X_train, X_test, y_train, y_test = train_test_split(X, y, test_size=0.25, random_state=42)

model = LinearRegression()
model.fit(X_train, y_train)

y_pred = model.predict(X_test)

print(f"R² Score: {r2_score(y_test, y_pred):.3f}")
print(f"RMSE: ${np.sqrt(mean_squared_error(y_test, y_pred)):.1f}K")
print(f"\nCoefficients:")
features = ['Size (sqft)', 'Bedrooms', 'Age (years)']
for feat, coef in zip(features, model.coef_):
    print(f"  {feat}: {coef:.2f}")
print(f"  Intercept: {model.intercept_:.2f}")

Understanding the Coefficients

The coefficient for each feature tells you: "For a 1-unit increase in this feature, how much does the prediction change?"

Example output:

Coefficients:
  Size (sqft): 0.12     → Each extra sqft adds $120 to price
  Bedrooms: 18.5        → Each bedroom adds $18,500
  Age (years): -4.2     → Each year of age reduces price by $4,200

This interpretability is one of linear regression's greatest strengths.
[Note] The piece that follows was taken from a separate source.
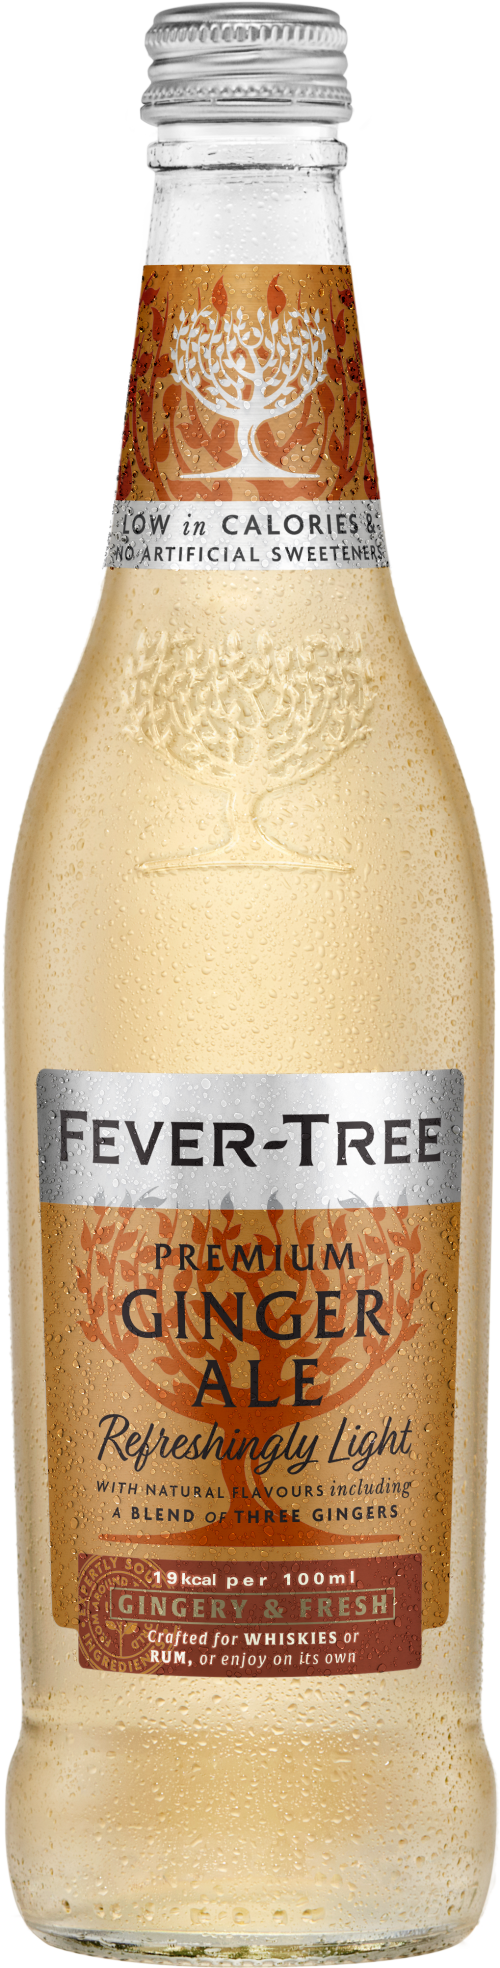 FEVER-TREE Refreshingly Light Ginger Ale 500ml

You can explain every prediction.

When Linear Regression Works (and When It Doesn't)

Works well when:

The relationship between features and target is roughly linear
Features have relatively low correlation with each other (no multicollinearity)
Errors are normally distributed
You need an interpretable model

Struggles when:

The true relationship is non-linear (e.g., exponential growth)
There are complex interactions between features
Outliers dominate the data (consider Huber regression instead)
You have thousands of features (use regularization — coming next lesson)

R² Score: Measuring Model Quality

R² (R-squared) tells you: "What fraction of the variance in the target does the model explain?"

R² = 1 - (Sum of Squared Residuals / Total Sum of Squares)

R² = 1.0  → Perfect prediction
R² = 0.8  → Model explains 80% of variance
R² = 0.5  → Model explains 50% — mediocre
R² = 0.0  → No better than predicting the mean
R² < 0    → Worse than predicting the mean (something is wrong)

Key Takeaway

Linear regression is elegant because of its simplicity. Every prediction is a weighted sum of your inputs — completely transparent, fast to compute, and often surprisingly accurate.

More importantly, the concepts you just learned — weights, gradients, MSE, R² — appear everywhere in machine learning. You've just built the foundation you'll stand on for the rest of this course.